Add the following command after the RUN rm command in your Dockerfile, then rebuild the image:
RUN apt-key adv --keyserver keyserver.ubuntu.com --recv-keys A4B469963BF863CC
Container images and models
What is the size limit for a GPU container image?
The size limit applies to the compressed image, not the uncompressed image. Check the compressed size in the Alibaba Cloud Container Registry console. Run docker images locally to check the uncompressed size.
An image with an uncompressed size under 20 GB can typically be deployed and used normally.
What do I do if image acceleration fails?
Image acceleration takes longer for larger images and may time out. Re-trigger the accelerated image conversion by editing and saving the function configuration in the Function Compute console. No parameter changes are needed.
Should I package the model in the image or store it separately?
Separate the model from the image when:
-
The model file is large.
-
The model iterates frequently.
-
The model exceeds the platform's image size limit.
Store separated models in File Storage NAS or Object Storage Service (OSS). For more information, see Best practices for model storage on GPU-accelerated instances.
Startup and performance
Why does my GPU container image fail to start with a health check error?
If you see the error [FunctionNotStarted] Function Instance health check failed on port xxx in 120 seconds, the AI or GPU application is taking too long to start. The most common cause is that model loading delays the web server from responding to health checks in time.
To fix this:
-
Do not dynamically load models from the public network during startup. Place the model in the image or in File Storage NAS.
-
Place model initialization in the
/initializemethod. This allows the web server to start and respond to health checks before the model finishes loading.
For more information about the function instance lifecycle, see Function instance lifecycle.
How do I perform model warm-up?
Perform model warm-up in the /initialize method. The instance starts receiving production traffic only after the /initialize method completes. For more information, see:
My function has high and fluctuating end-to-end latency. How do I fix this?
-
Confirm that image acceleration is active in the environment context.
-
Check your NAS file system type. If your function reads data from a NAS file system (such as a model), use a compute-optimized General-purpose NAS file system for better performance. Do not use a storage-optimized file system.

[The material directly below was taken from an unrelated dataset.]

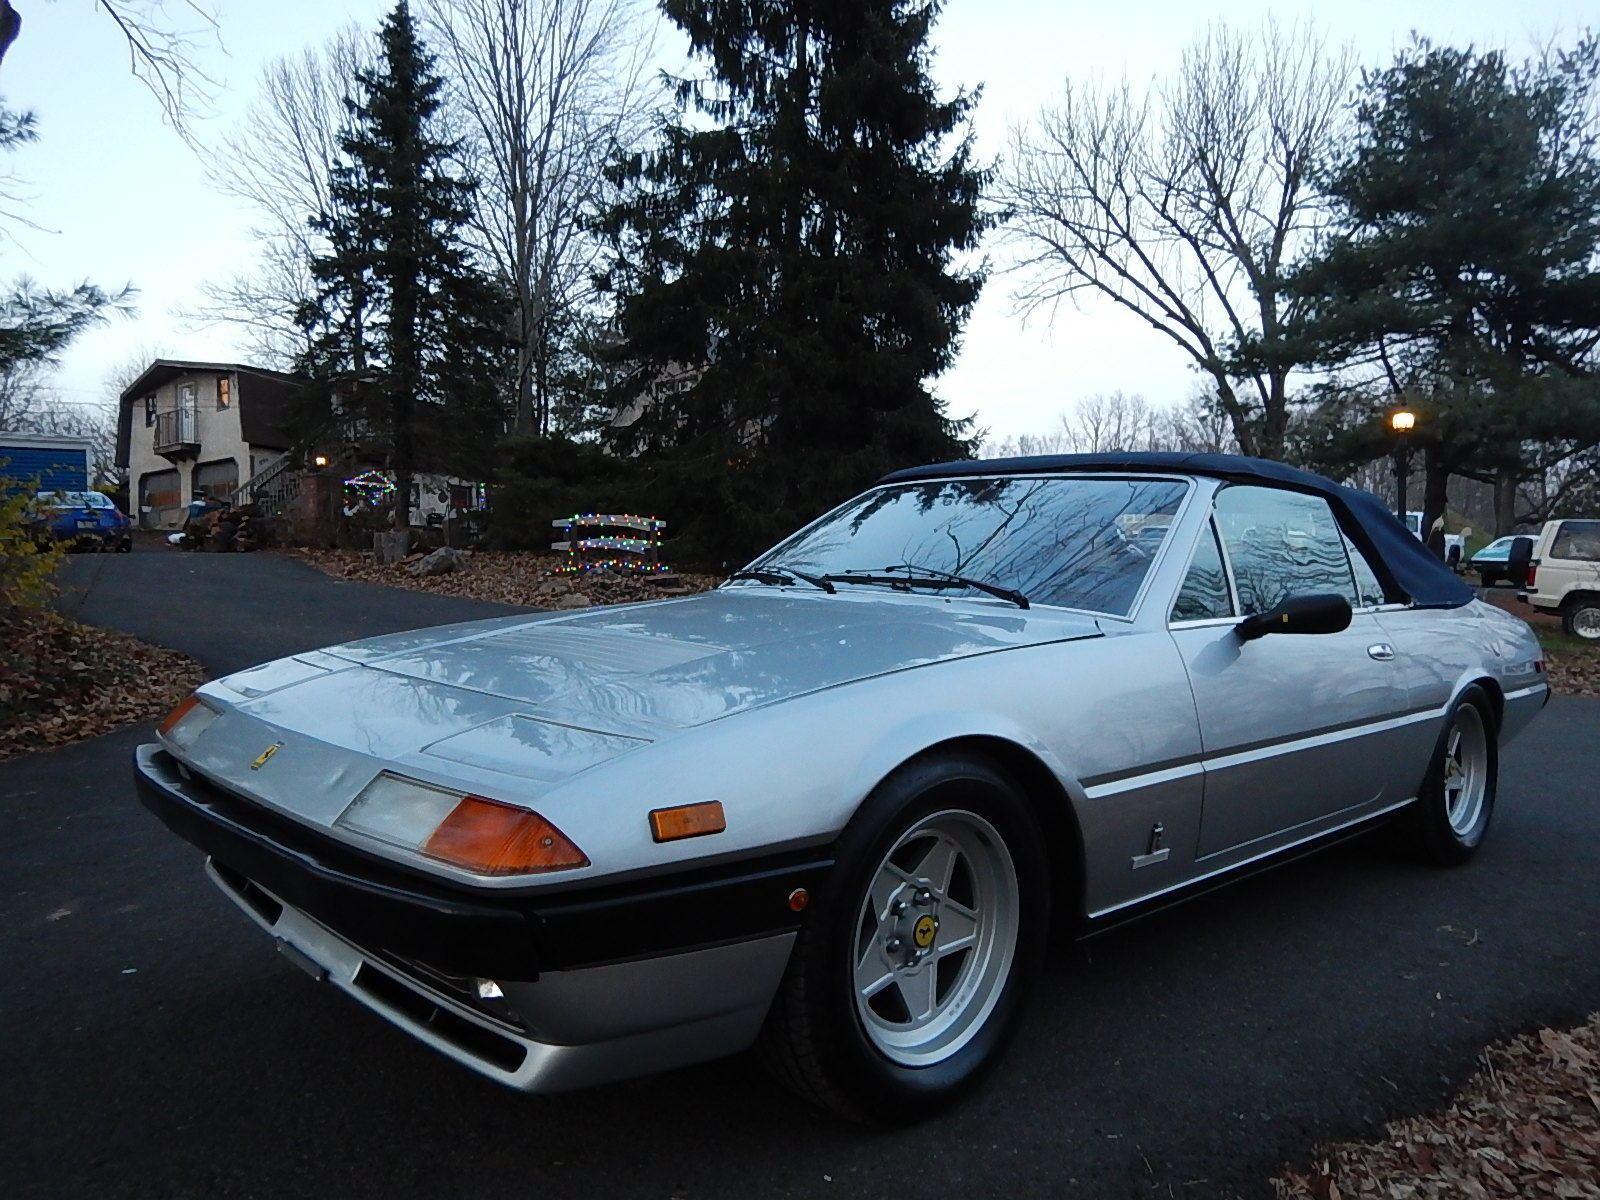 1983 Ferrari 400i Straman Conversion Convertible For Sale

For more information, see General-purpose NAS.
Instance types and quotas
Why is my GPU-accelerated instance type displayed as g1?
The instance type g1 is equivalent to fc.gpu.tesla.1. For more information, see Specifications.

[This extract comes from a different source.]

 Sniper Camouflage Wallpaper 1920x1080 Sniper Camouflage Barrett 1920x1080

Why did provisioning fail for my GPU-accelerated instance?
Provisioning can fail for the following reasons:
Startup timeout
-
Error code:
FunctionNotStarted -
Error message: "Function instance health check failed on port XXX in 120 seconds"
Check your application startup logic. Look for logic that downloads models from the public network or loads Large Language Models (LLMs) larger than 10 GB. Start the web server first, then load the model. See Why does my GPU container image fail to start with a health check error? for detailed solutions.
Instance quota reached
-
Error code:
ResourceThrottled -
Error message: "Reserve resource exceeded limit"

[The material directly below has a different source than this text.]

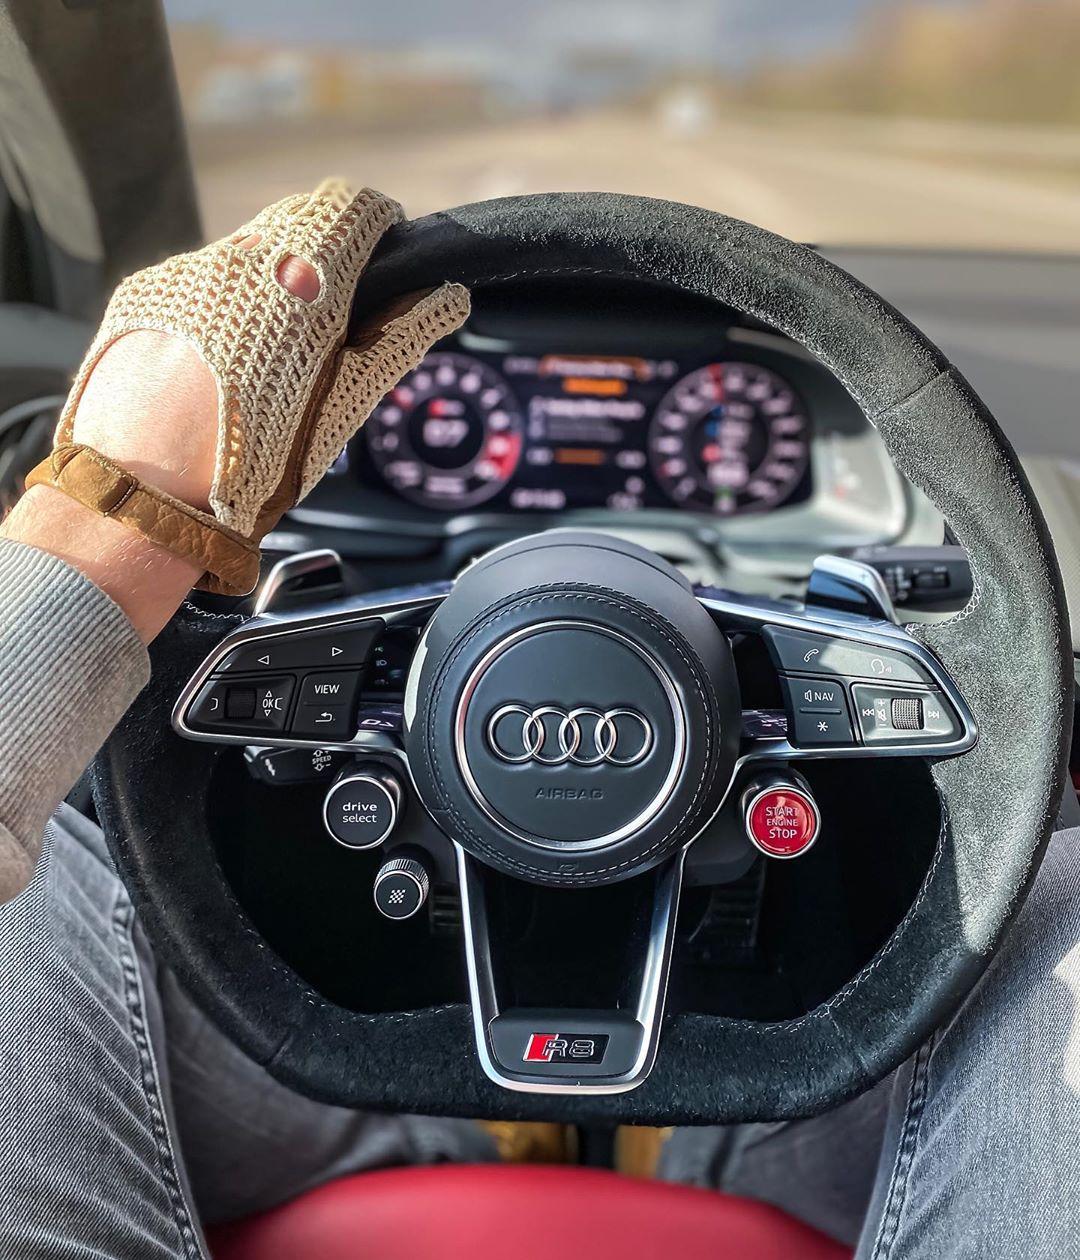 Andrà tutto bene🇮🇹🙏 #andràtuttobene #iphone11pro #iphone11 #audir8 #audisport #audir8facelift #audir8v10 #r8 #r8facelift #r8v10 #automanntv #automannsgarage

The default quota for physical GPU cards is 30 per Alibaba Cloud account per region. Check your current quota in the Quota Center. To request more physical cards, submit a request in the Quota Center.
What do I do if on-demand GPU instance creation fails with ResourceExhausted or ResourceThrottled errors?
GPU resources are scarce. On-demand calls are affected by fluctuations in the resource pool, which may prevent instances from being created in time. For predictable resource delivery, configure scaling rules for your function to reserve resources. For billing details, see Billing overview.